Habits of High-Performance Groups

I am passionately committed to helping as many people as possible get better at collaboration. Within this larger mission, I am most interested in helping groups collaborate on our most complex and challenging problems. Over the past 17 years, I’ve gotten to work on some crazy hard stuff, from reproductive health in Africa and Southeast Asia to water in California. I’ve learned a ton from doing this work, I continue to be passionate about it, and I’ve developed a lot of sophisticated skills as a result.

However, for the past year, I’ve been focusing most of my energy on encouraging people to practice setting better goals and aligning around success. My Goals + Success Spectrum is already my most popular and widely used toolkit, and yet, through programs like my Good Goal-Setting workshops, I’ve been doubling down on helping people get better at using it and — more importantly — making it a regular habit.

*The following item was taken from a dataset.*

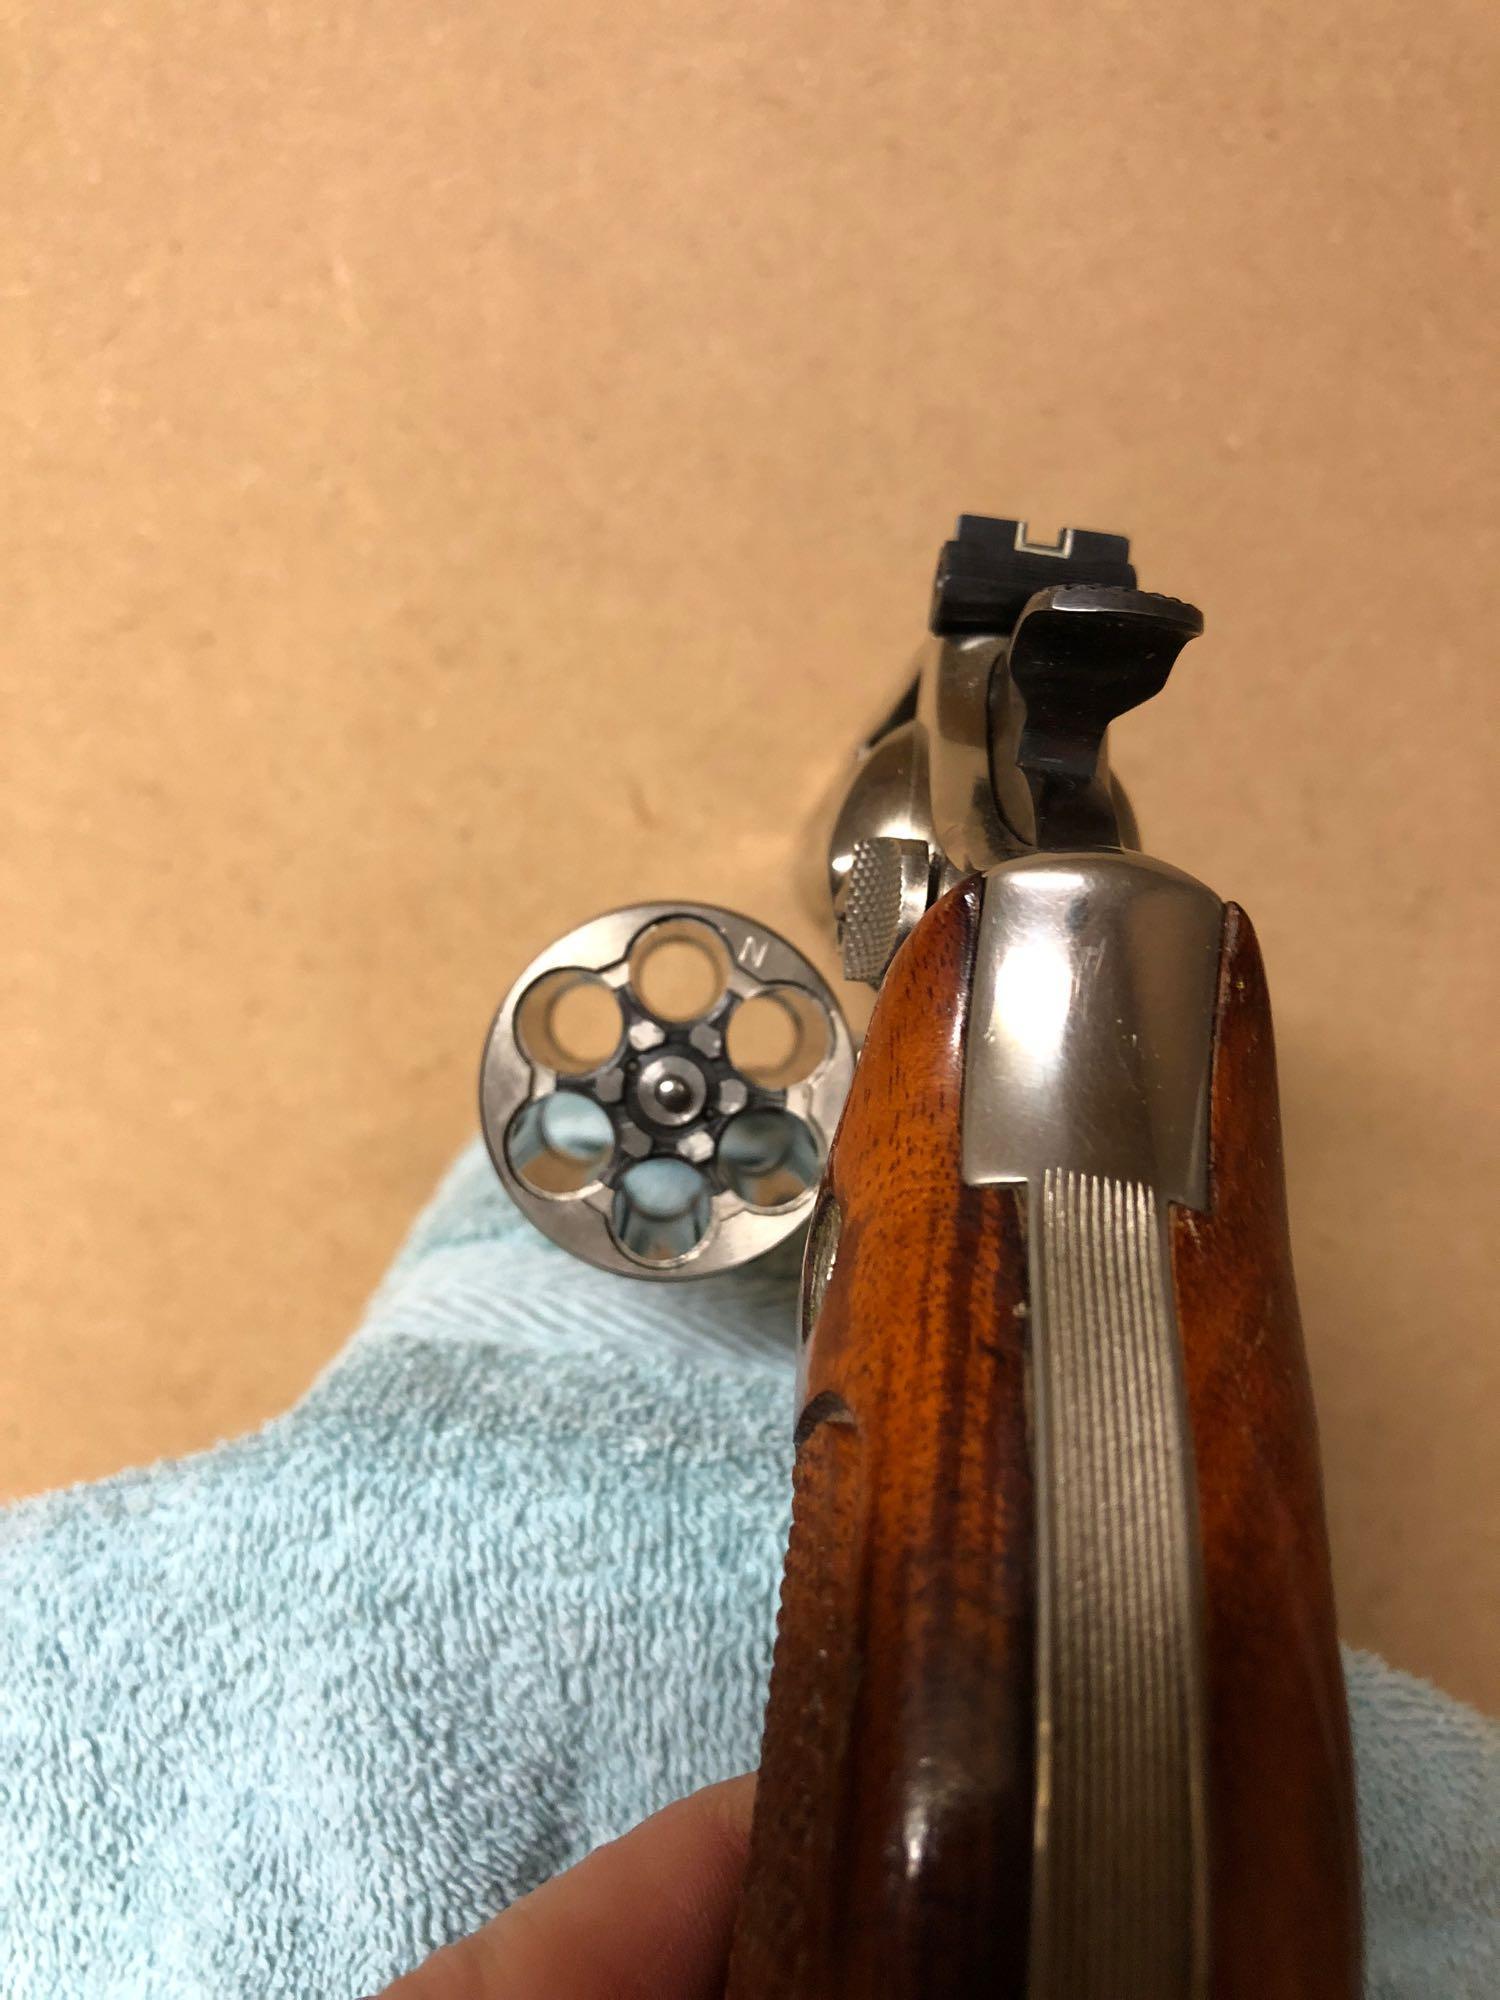 Smith & Wesson Model 19-4 .357 mag SN: 74059

I’ve been getting a lot of funny looks about this, especially from folks who know about my passion around systems and complexity. If I care so much about addressing our most wicked and challenging problems, why am I making such a big deal about something as “basic” and “easy” as setting better goals and aligning around success?

Because most of us don’t do it regularly. (This included me for much of my career, as I explain below. It also includes many of my colleagues, who are otherwise outstanding practitioners.)

Because many who are doing it regularly are just going through the motions. We rarely revisit and refine our stated goals, much less hold ourselves accountable to them.

Because much of the group dysfunction I see can often be traced to not setting clear goals and aligning around success regularly or well.

Because doing this regularly and well not only corrects these dysfunctions, it leads to higher performance and better outcomes while also saving groups time.

And finally, because doing this regularly and well does not require consultants or any other form of “expert” (i.e. costly) help. It “simply” requires repetition and intentionality.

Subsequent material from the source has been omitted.